What you will do:
Only the lines below from the one with "DC12V Transformator 15W-240W" through the one with "Mario_Party_10_Luigi.jpg" are to be written out, exactly and without any images.

Exercise material:
━━━━━━━━━━

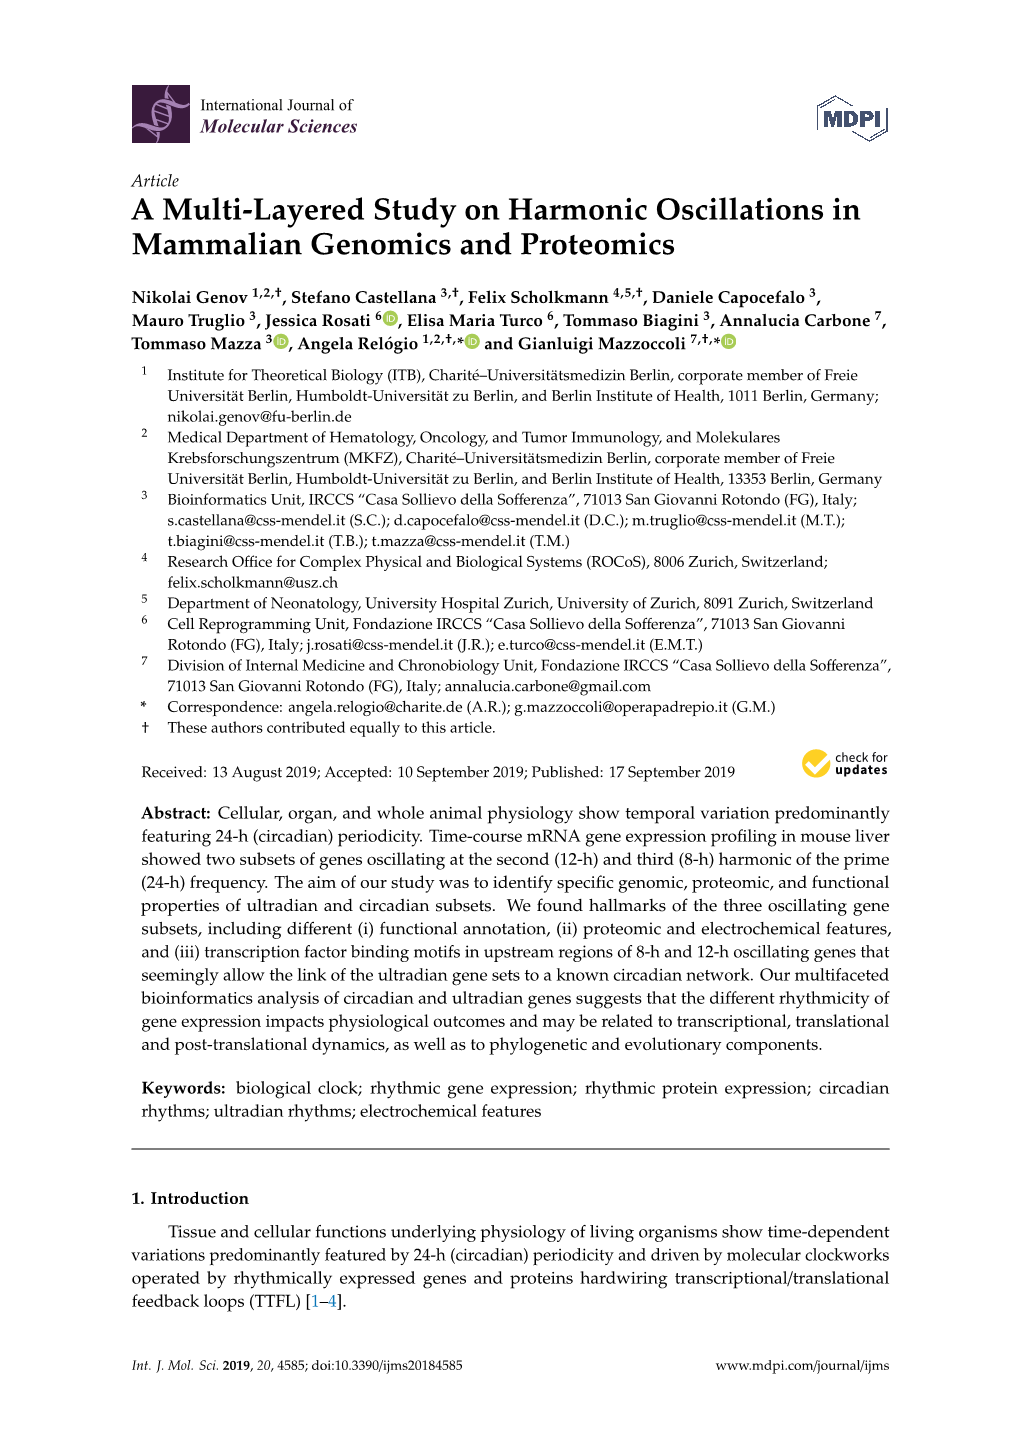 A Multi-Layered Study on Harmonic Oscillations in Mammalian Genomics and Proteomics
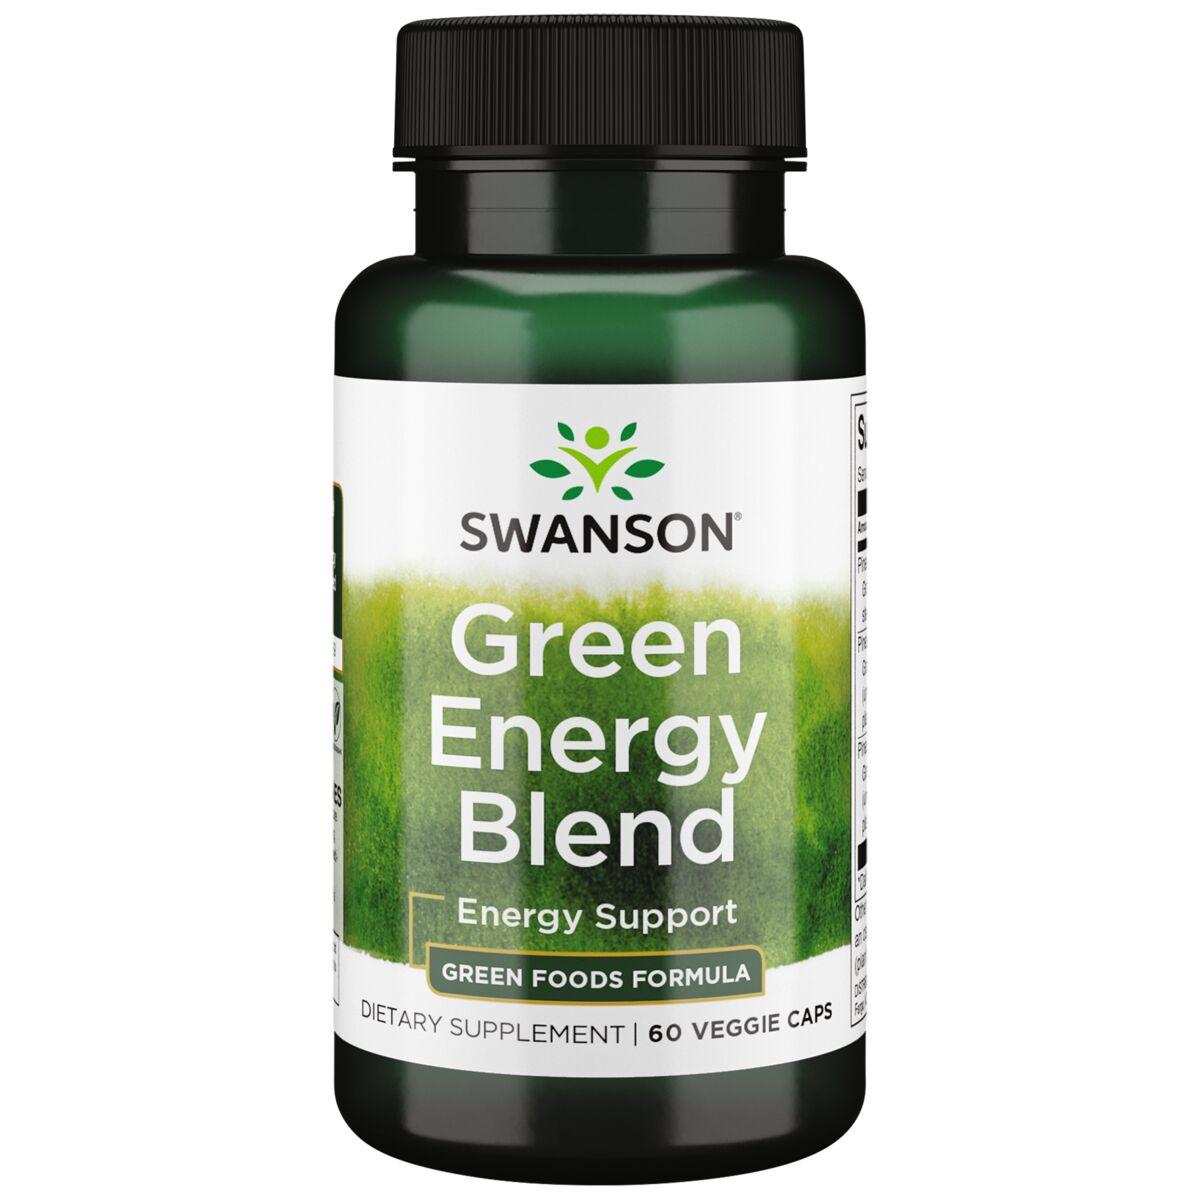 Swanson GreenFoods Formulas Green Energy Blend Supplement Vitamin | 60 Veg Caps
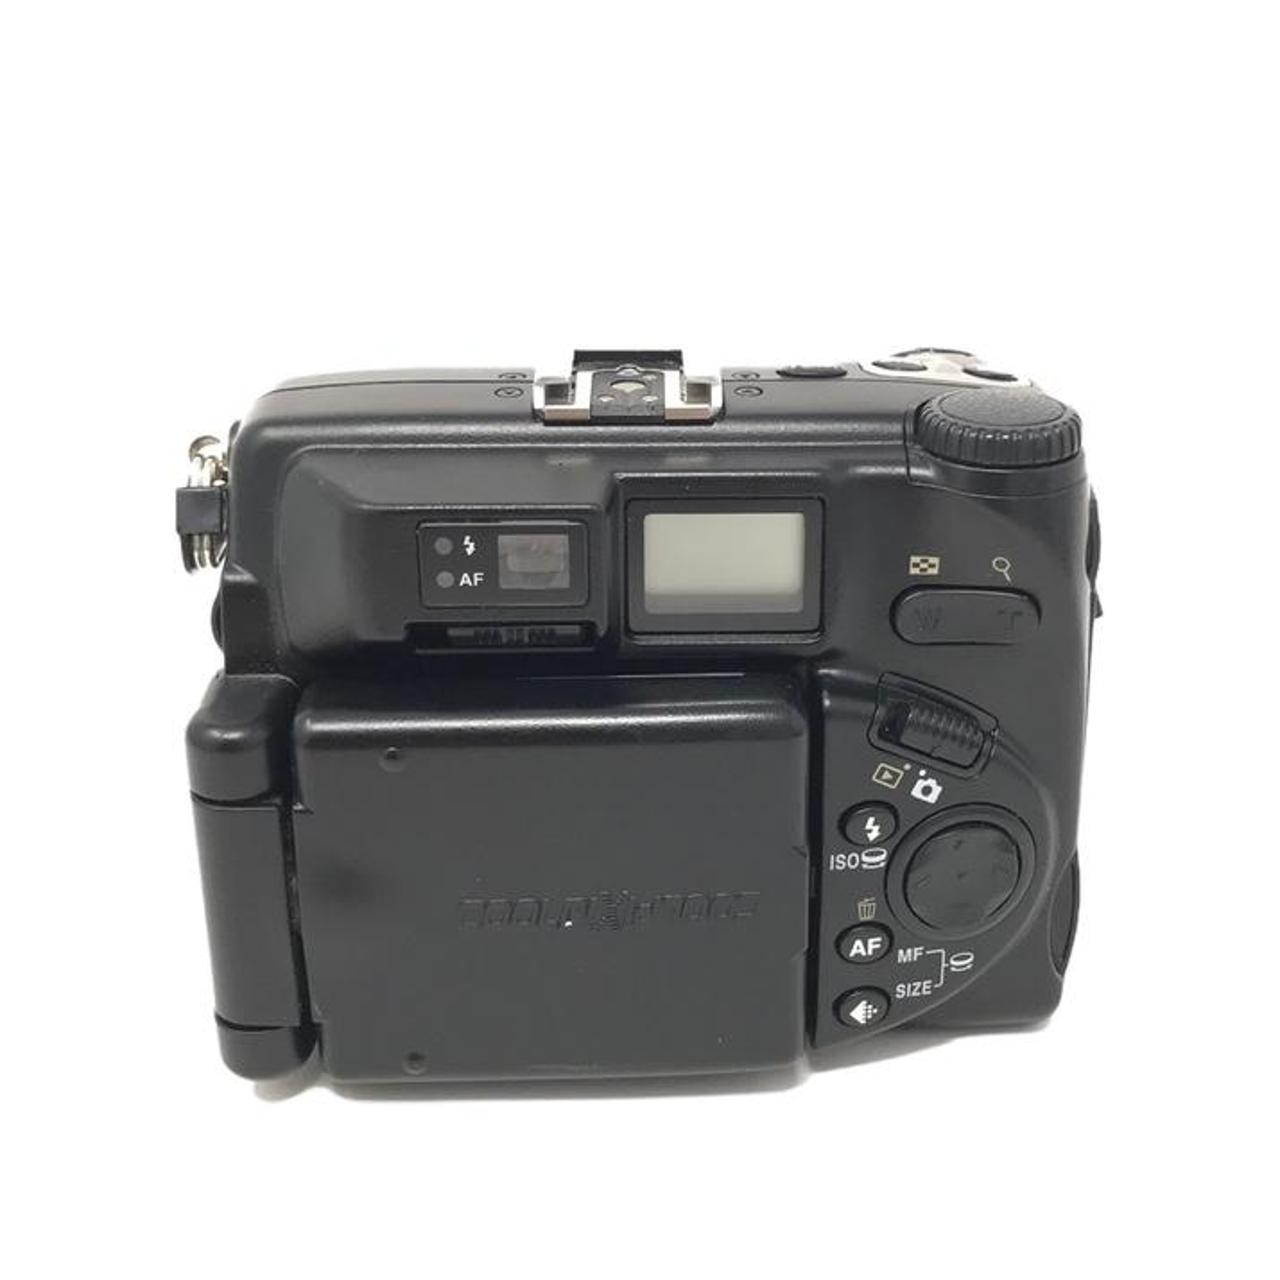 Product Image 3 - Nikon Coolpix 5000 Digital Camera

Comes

━━━━━━━━━━

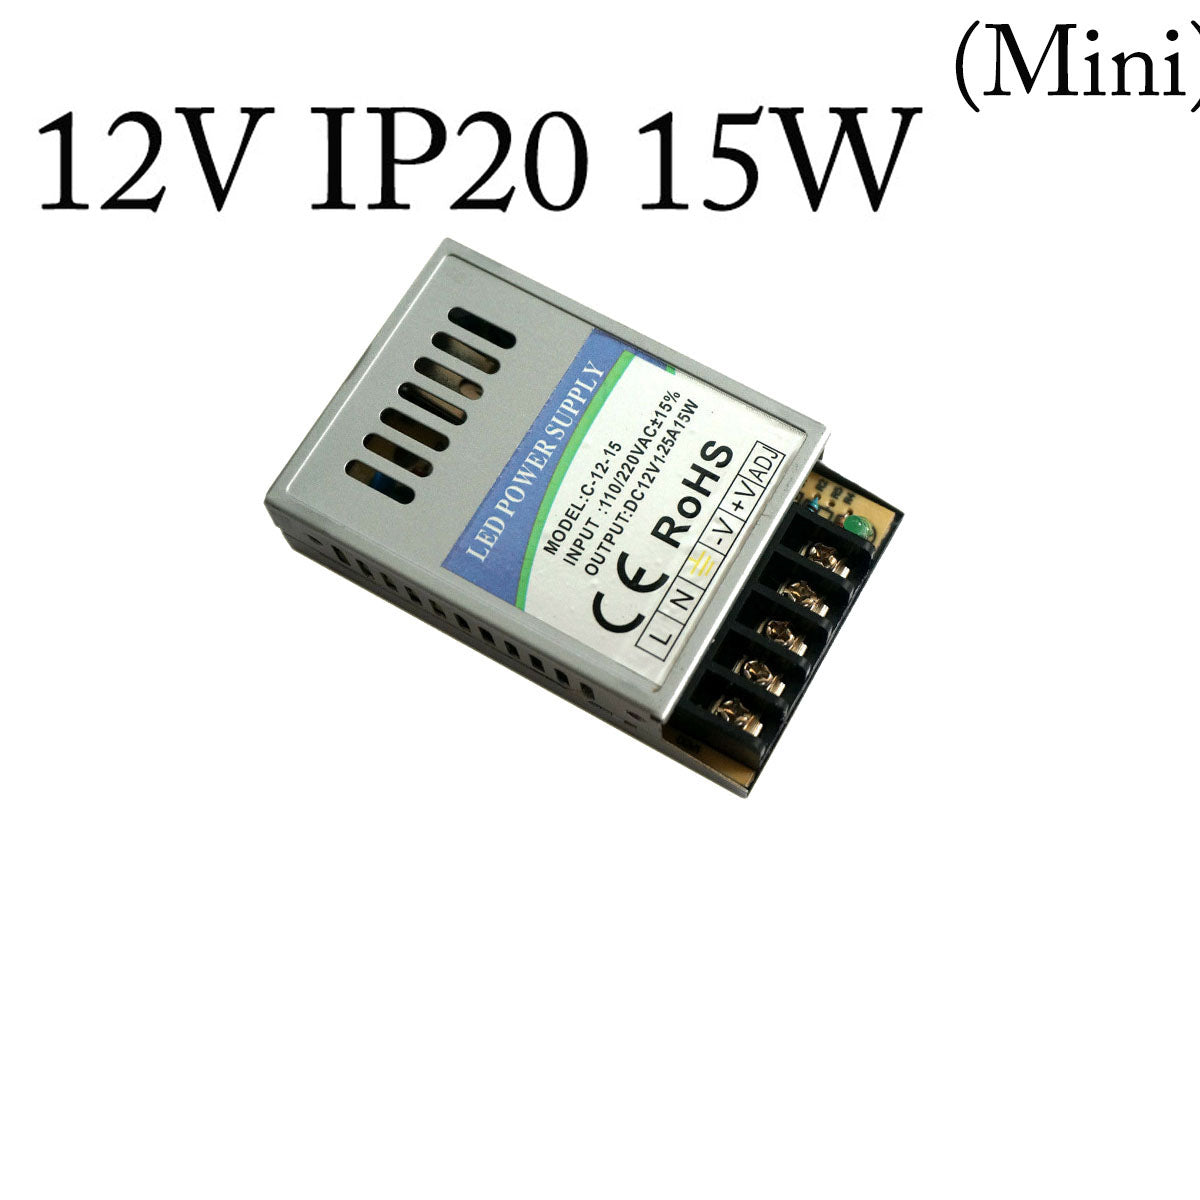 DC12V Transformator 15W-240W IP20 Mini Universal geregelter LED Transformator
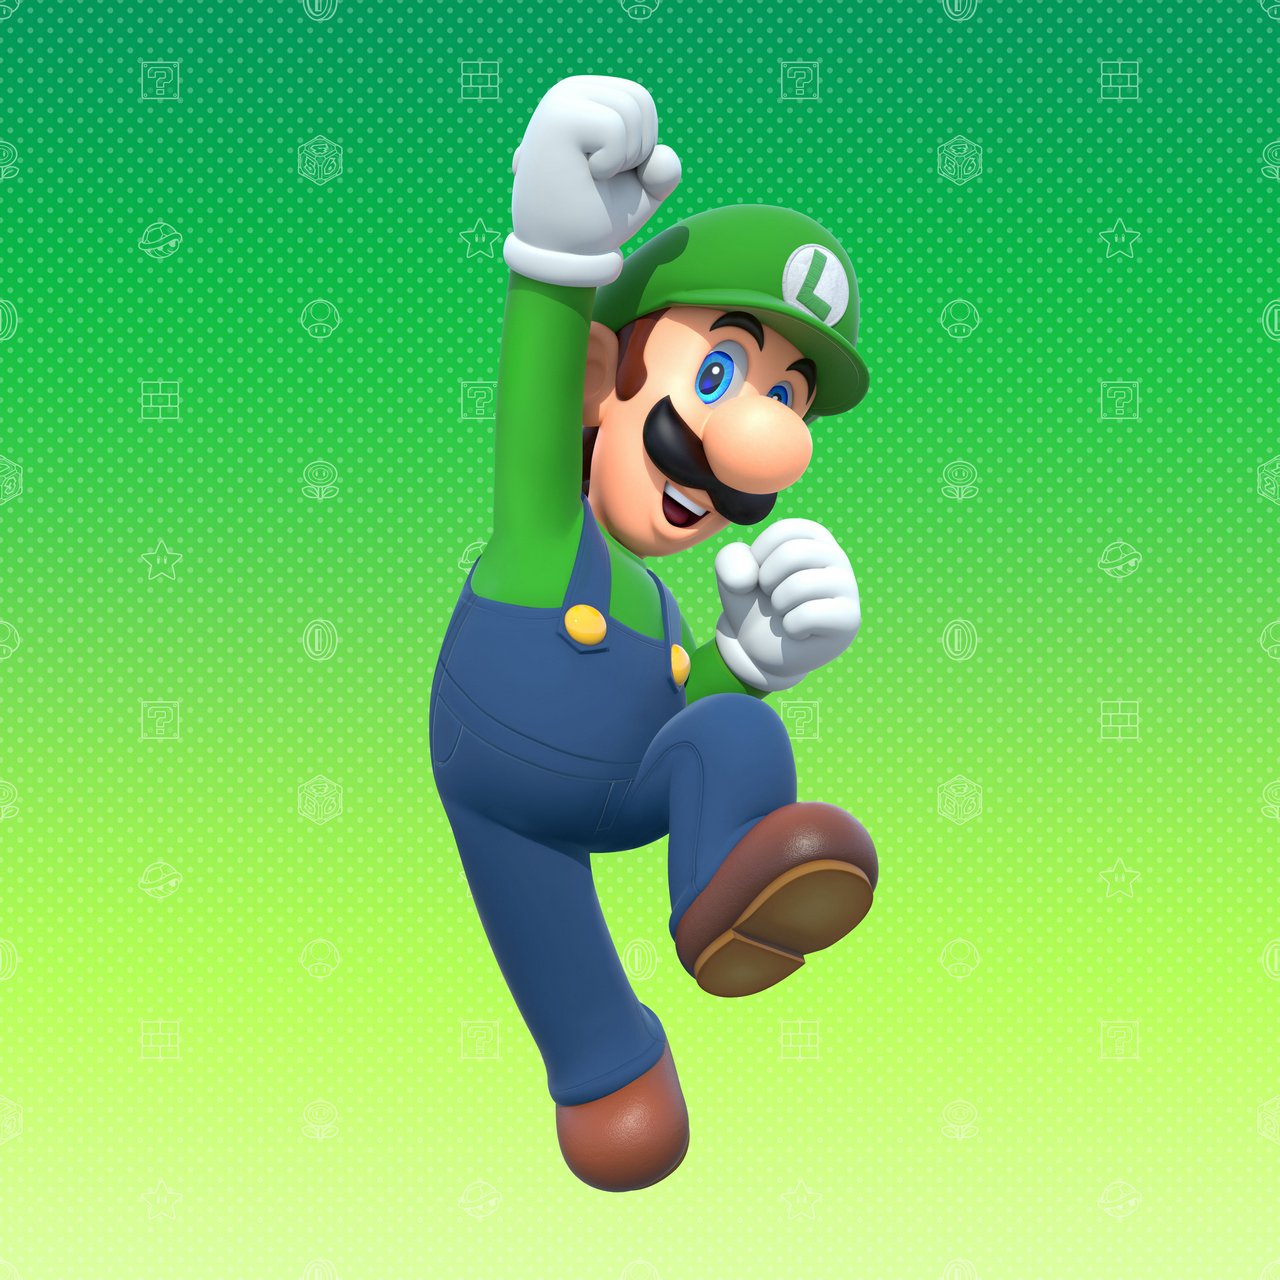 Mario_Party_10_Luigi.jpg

━━━━━━━━━━

Solution:
 DC12V Transformator 15W-240W IP20 Mini Universal geregelter LED Transformator
 Mario_Party_10_Luigi.jpg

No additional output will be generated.